# luminair : du DMX sur ipad?



## two (28 Novembre 2010)

Bonjour, j'ai récemment entendu parler de luminair sur ipad qui permettrait de controler nos lights du bout des doigts... 
maintenant les infos sur ce soft me semblent incomplètes... et je n'ai pas envie de dépenser 95 euros (en plus du boitier d'interface)pour un soft qui ne réponds pas à mes attentes... 
est ce que quelqu'un parmi vous a déjà le soft? Qu'en pensez-vous ?
Avec quel matériel l'utilisez-vous? 
D'autres questions suivront probablement... :rose:


----------



## Gwen (28 Novembre 2010)

Je ne connais même pas.

Tu as les références de ton luminaire ?


----------



## arbaot (28 Novembre 2010)

euh gwen?

http://www.igen.fr/app-store/en-bref-unicef-due-luminair-et-path-23322


----------



## Gwen (28 Novembre 2010)

Je n'avais pas fait le rapprochement. Je pensais des luminaires de la maison.
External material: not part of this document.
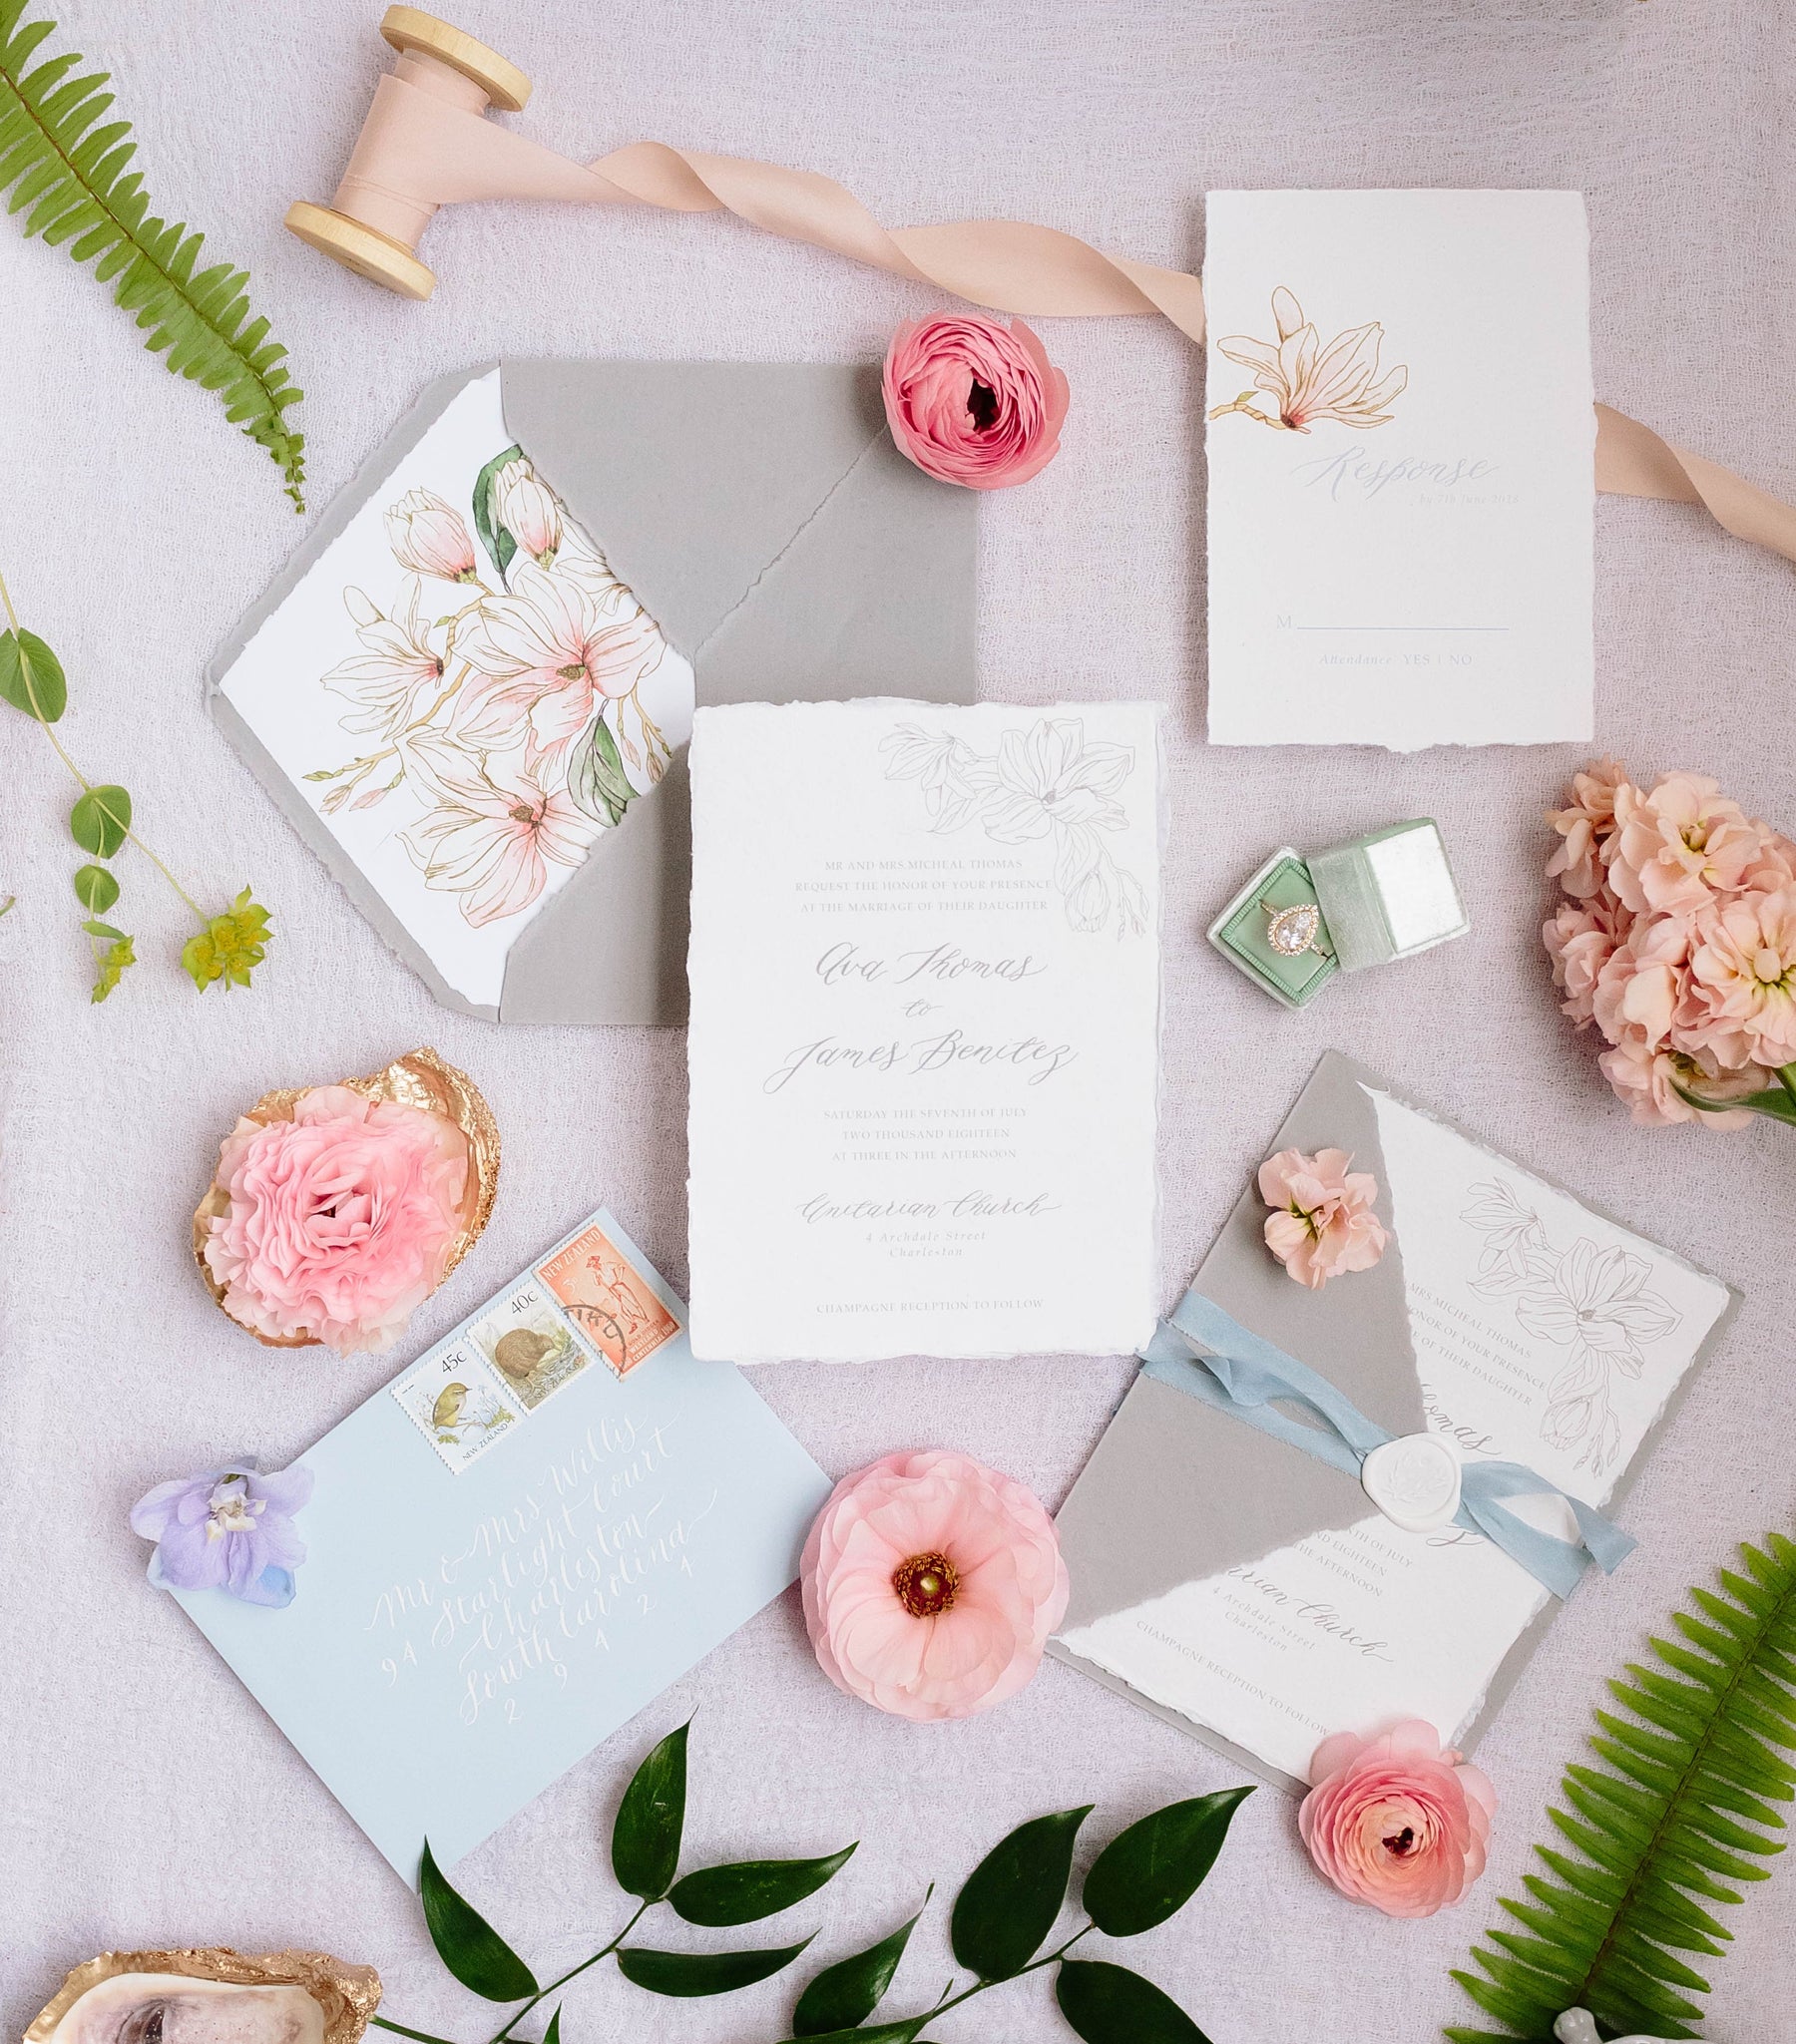 Vendor Feature | Inkberry Calligraphy - Feathers and Stone
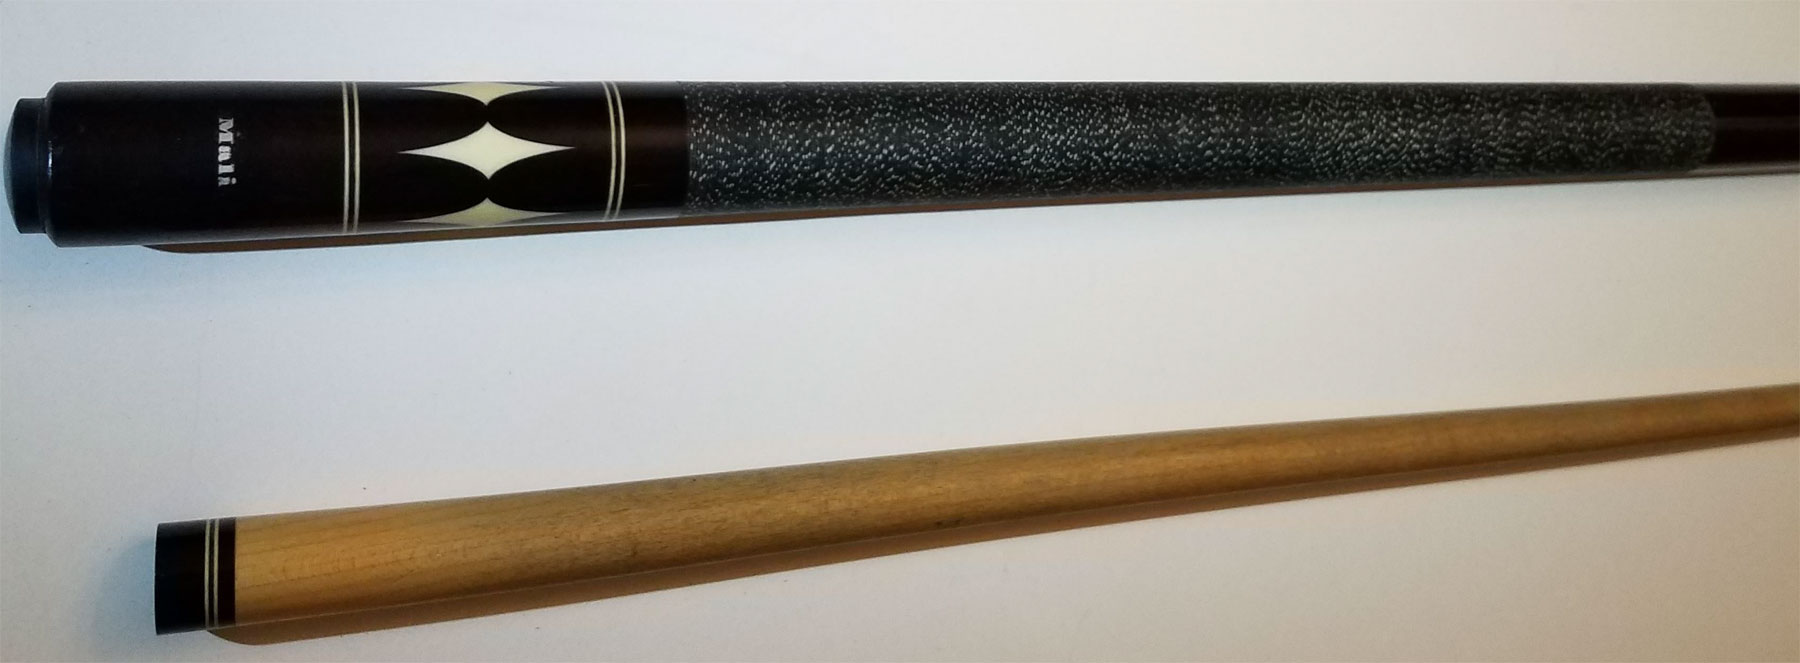 Mali Pool Cue Identification and Value

Genre, à distance, je contrôle l'intensité ou l'allumage et l'extinction 

La, ce n'est en effet pas du tout la même chose et c'est super pointu


----------



## momo-fr (29 Novembre 2010)

gwen a dit:


> La, ce n'est en effet pas du tout la même chose et c'est super pointu


Et c'est plutôt bien foutu


----------



## pepes003 (1 Décembre 2010)

Le top serait une APP qui fusionne Virtual DJ et un soft de control DMX.

Le jour où un truc du genre sort, je me prend l'iPad direct.


----------



## efk (9 Novembre 2011)

Chez eux http://www.sweetlight-controller.com 
il y a un logiciel lumière et l'app qui va avec.


----------